Rap1 Ameliorates Renal Tubular Injury in Diabetic Nephropathy
- Li Xiao1,
- Xuejing Zhu1,
- Shikun Yang1,
- Fuyou Liu1,
- Zhiguang Zhou2,
- Ming Zhan3,4,
- Ping Xie3,4,
- Dongshan Zhang1,
- Jun Li1,
- Panai Song1,
- Yashpal S. Kanwar3,4 and
- Lin Sun1⇑
- 1Department of Nephrology, Second Xiangya Hospital, Central South University, Changsha, Hunan, China
- 2Diabetes Center, Institute of Metabolism and Endocrinology, Second Xiangya Hospital, Central South University, Changsha, Hunan, China
- 3Department of Pathology, Northwestern University, Chicago, IL
- 4Department of Medicine, Northwestern University, Chicago, IL
- Corresponding author: Lin Sun, .
L.X. and X.Z. contributed equally to this work.

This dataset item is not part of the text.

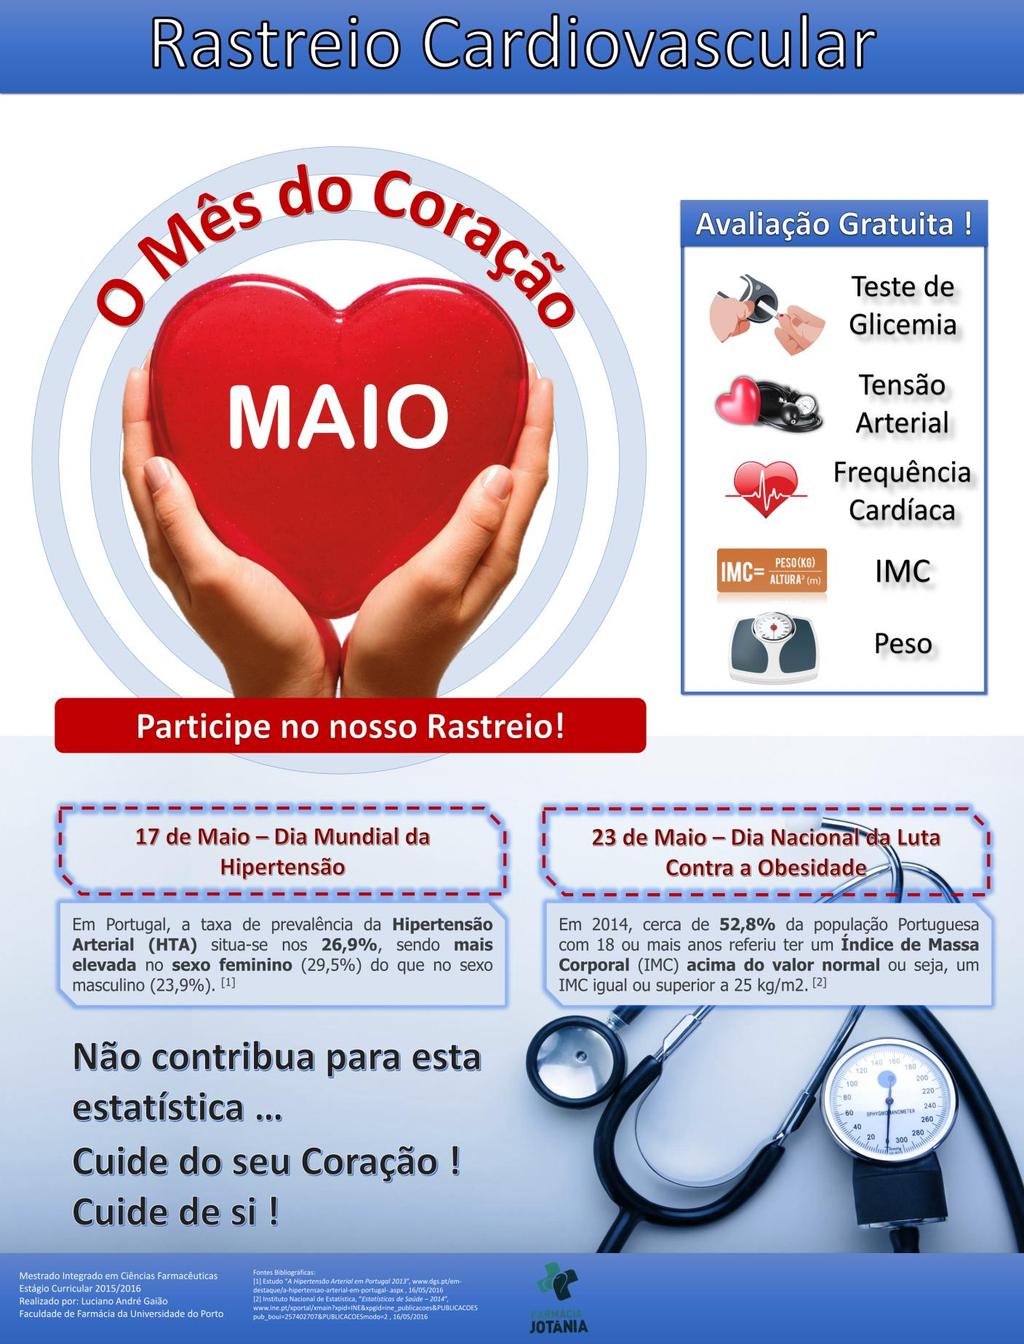 Anexo 6 - Poster sobre o Rastreio Cardiovascular Relatório de

Rap1b ameliorates high glucose (HG)-induced mitochondrial dysfunction in tubular cells. However, its role and precise mechanism in diabetic nephropathy (DN) in vivo remain unclear. We hypothesize that Rap1 plays a protective role in tubular damage of DN by modulating primarily the mitochondria-derived oxidative stress. The role and precise mechanisms of Rap1b on mitochondrial dysfunction and of tubular cells in DN were examined in rats with streptozotocin (STZ)-induced diabetes that have Rap1b gene transfer using an ultrasound microbubble-mediated technique as well as in renal proximal epithelial tubular cell line (HK-2) exposed to HG ambiance. The results showed that Rap1b expression decreased significantly in tubules of renal biopsies from patients with DN. Overexpression of a constitutively active Rap1b G12V notably ameliorated renal tubular mitochondrial dysfunction, oxidative stress, and apoptosis in the kidneys of STZ-induced rats, which was accompanied with increased expression of transcription factor C/EBP-β and PGC-1α. Furthermore, Rap1b G12V also decreased phosphorylation of Drp-1, a key mitochondrial fission protein, while boosting the expression of genes related to mitochondrial biogenesis and antioxidants in HK-2 cells induced by HG. These effects were imitated by transfection with C/EBP-β or PGC-1α short interfering RNA. In addition, Rap1b could modulate C/EBP-β binding to the endogenous PGC-1α promoter and the interaction between PGC-1α and catalase or mitochondrial superoxide dismutase, indicating that Rap1b ameliorates tubular injury and slows the progression of DN by modulation of mitochondrial dysfunction via C/EBP-β–PGC-1α signaling.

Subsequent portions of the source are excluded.